WORK TO COMPLETE:
Only some lines are wanted: please transcribe exactly those from the one containing "Ohio Travel Bag" through the end of the data, pictures excluded.

INPUT DATA:
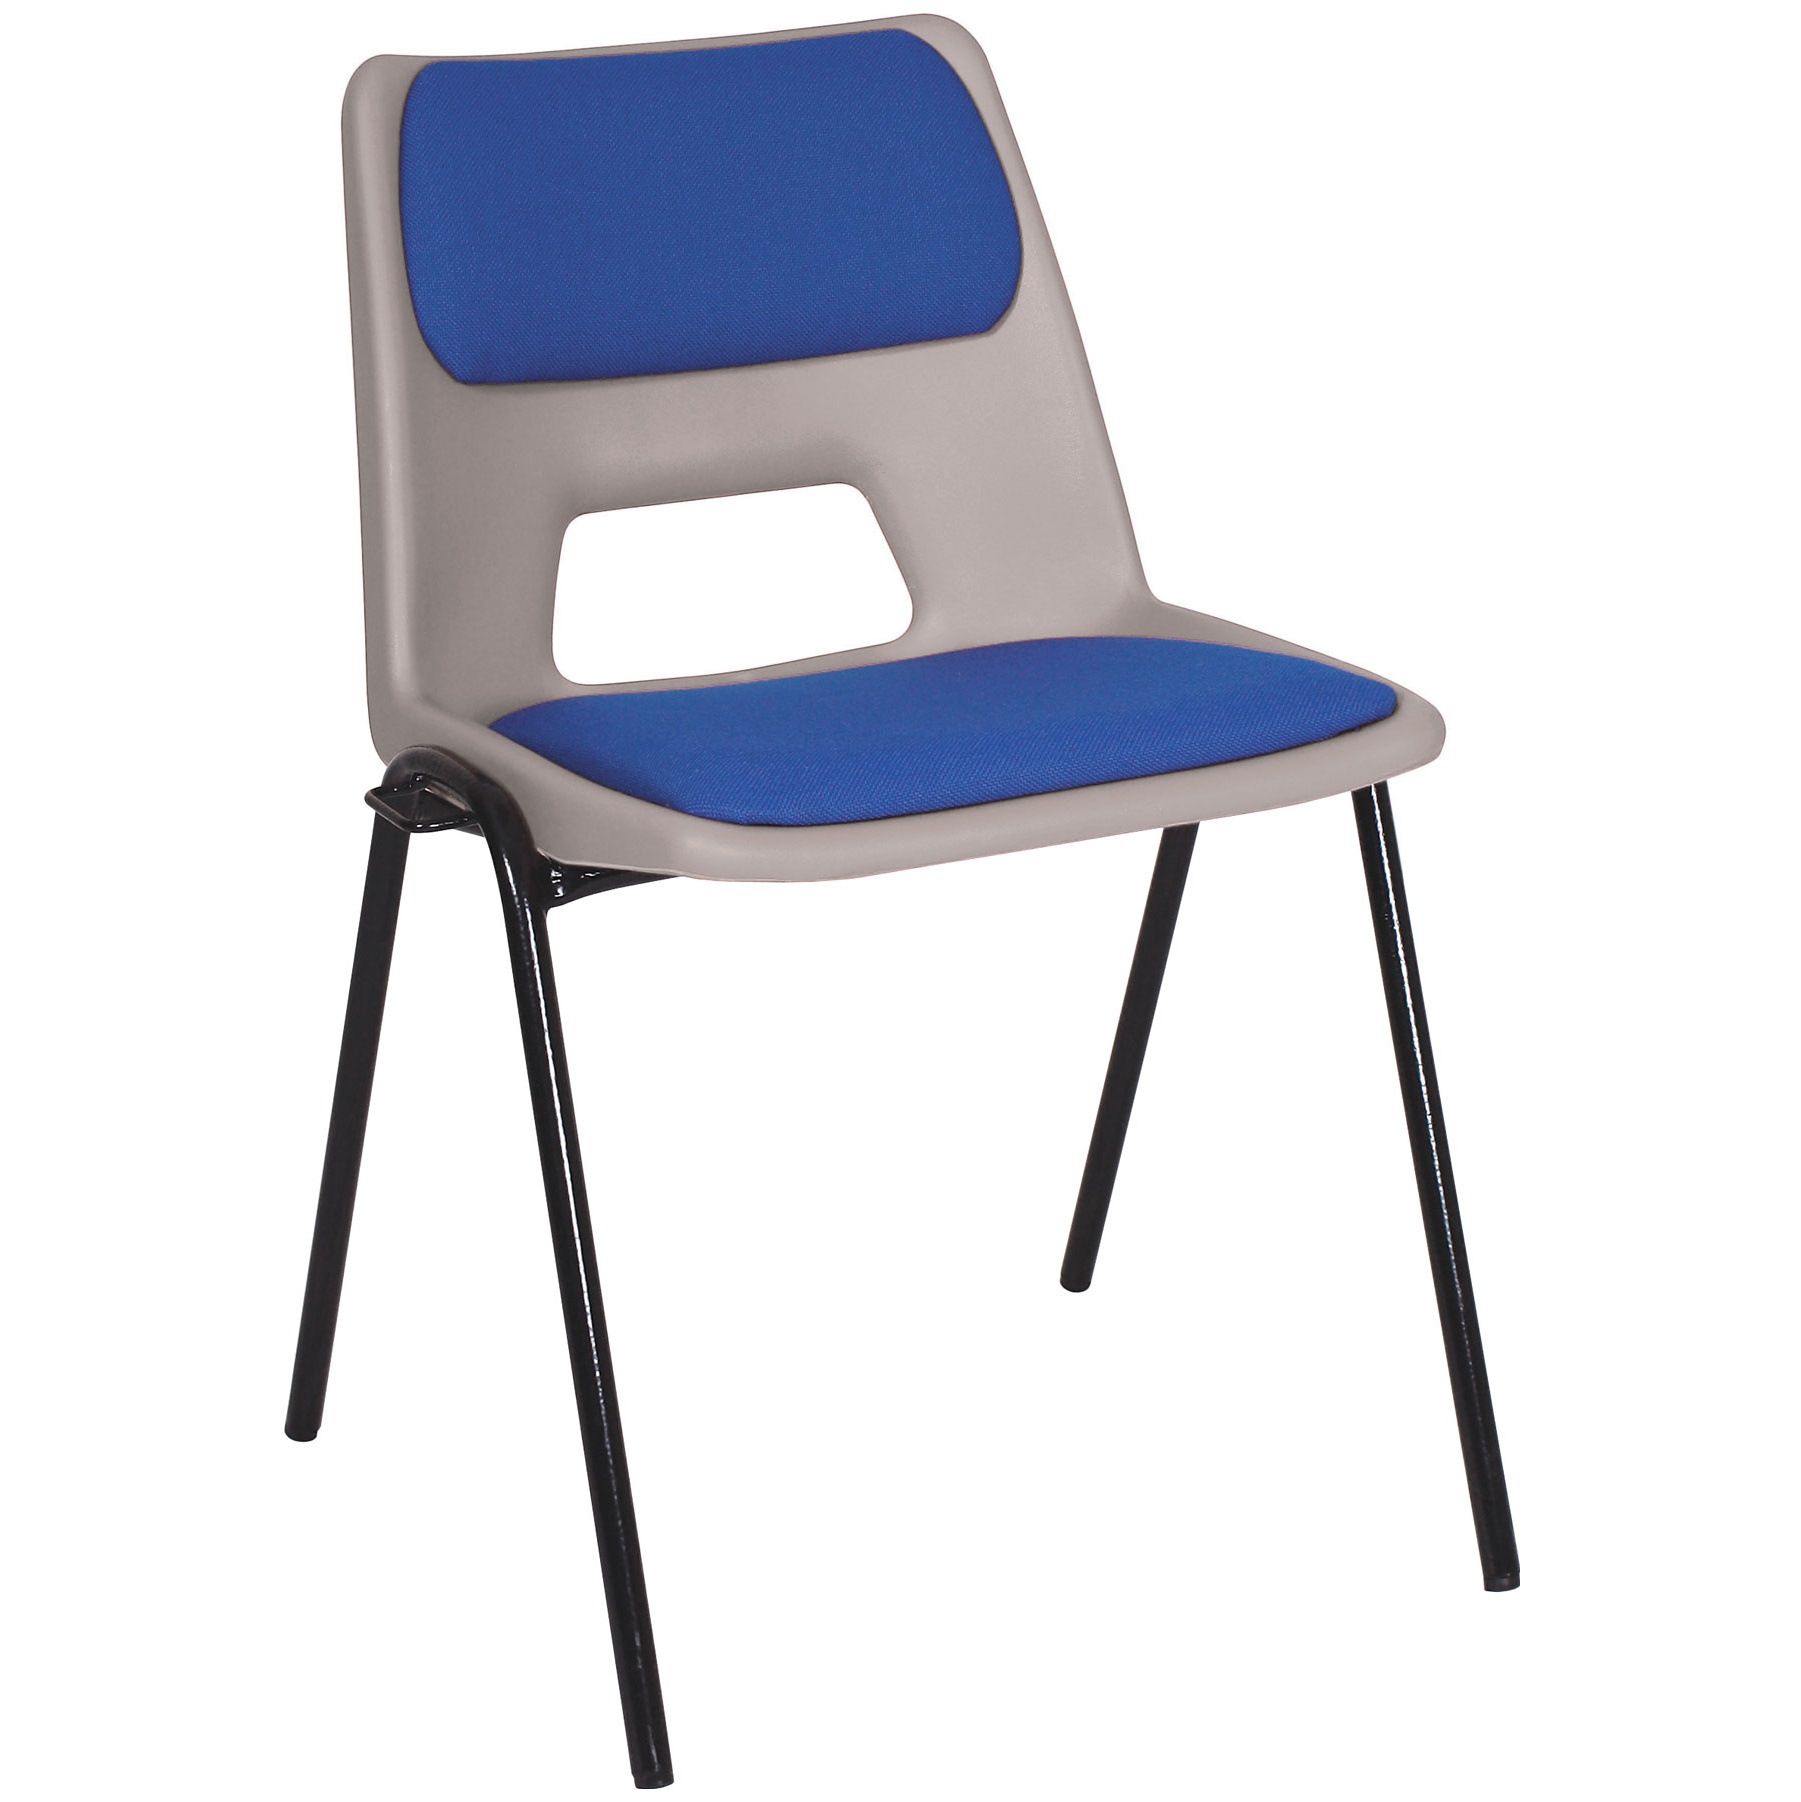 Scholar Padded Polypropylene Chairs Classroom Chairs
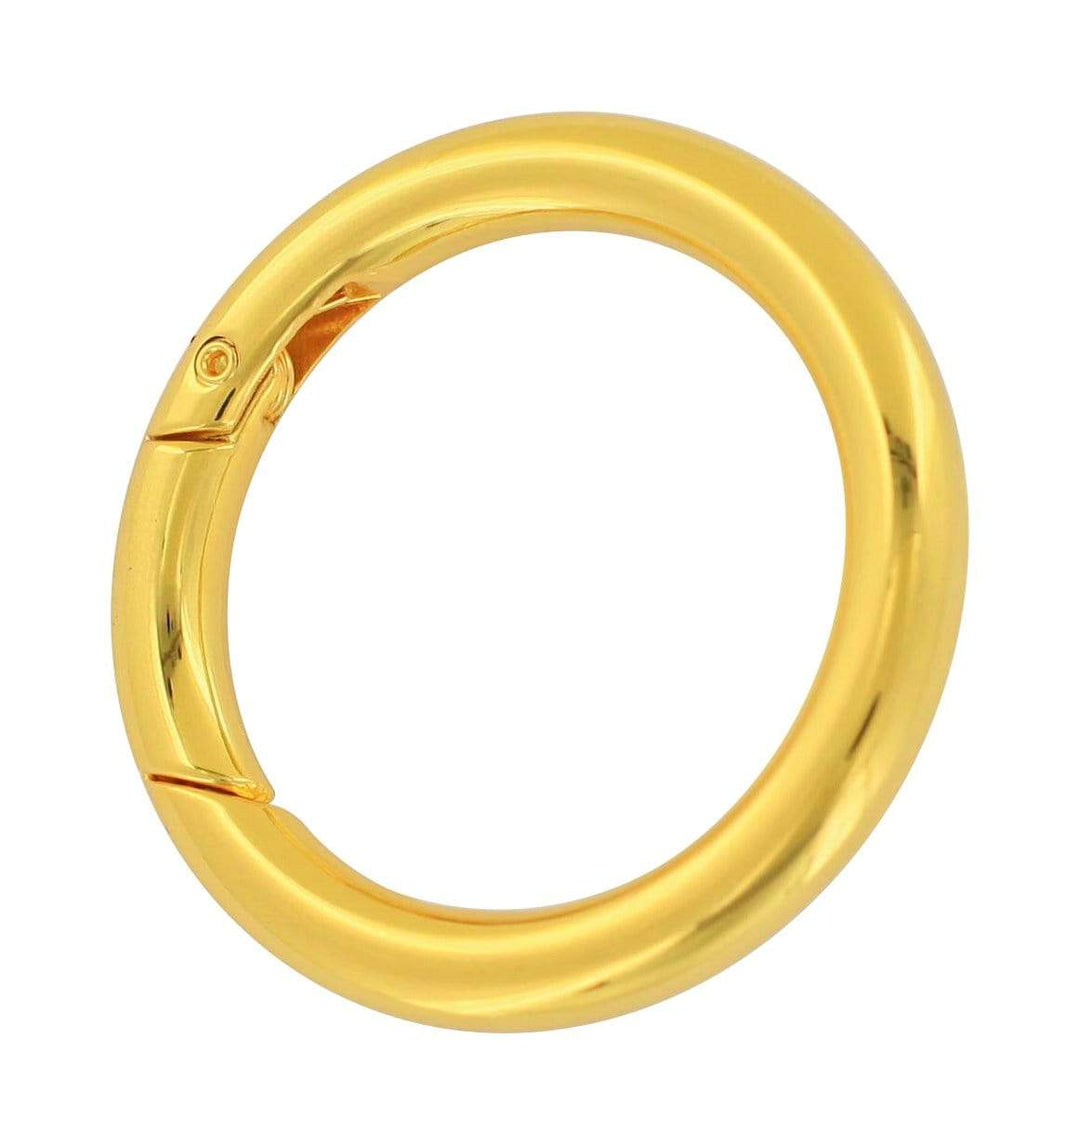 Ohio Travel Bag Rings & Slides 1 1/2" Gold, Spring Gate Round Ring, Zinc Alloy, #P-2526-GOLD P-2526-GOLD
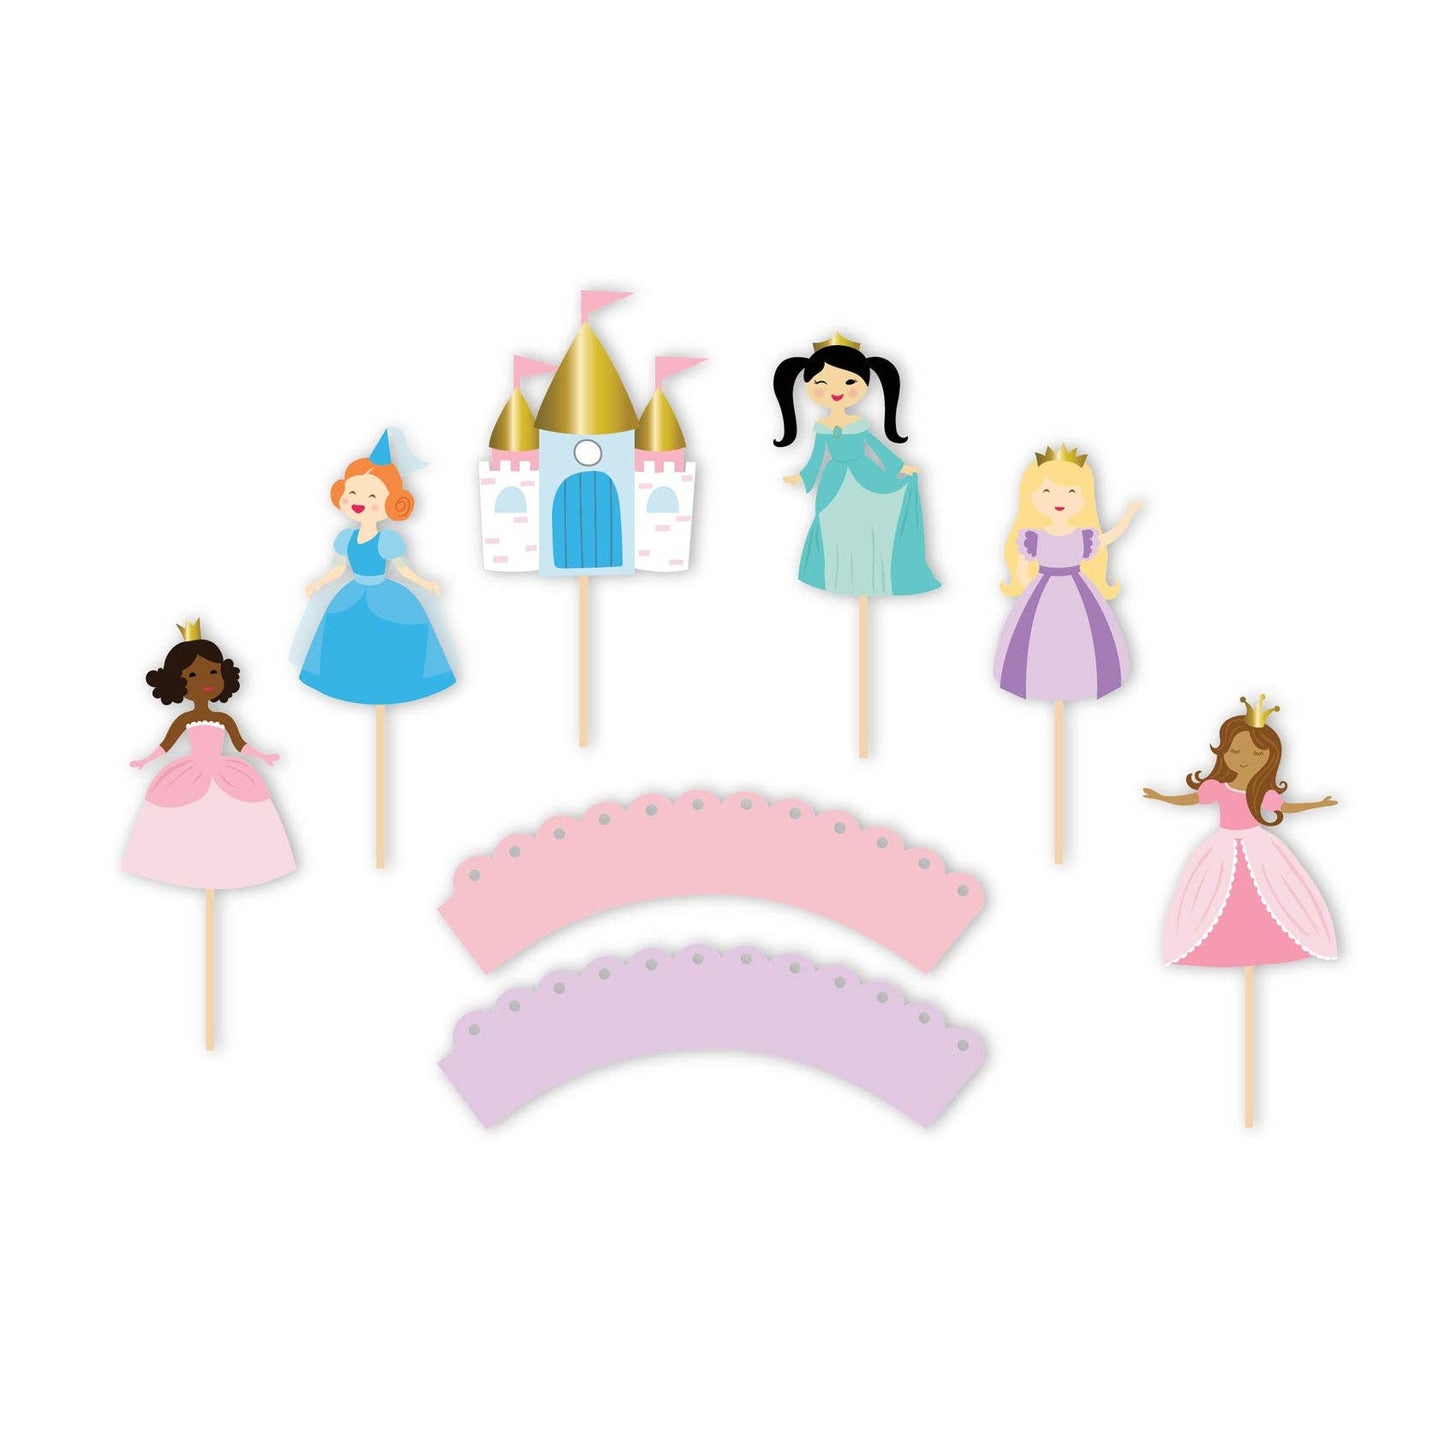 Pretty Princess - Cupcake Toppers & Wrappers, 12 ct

SOLUTION TO THE EXERCISE:
 Ohio Travel Bag Rings & Slides 1 1/2" Gold, Spring Gate Round Ring, Zinc Alloy, #P-2526-GOLD P-2526-GOLD
 Pretty Princess - Cupcake Toppers & Wrappers, 12 ct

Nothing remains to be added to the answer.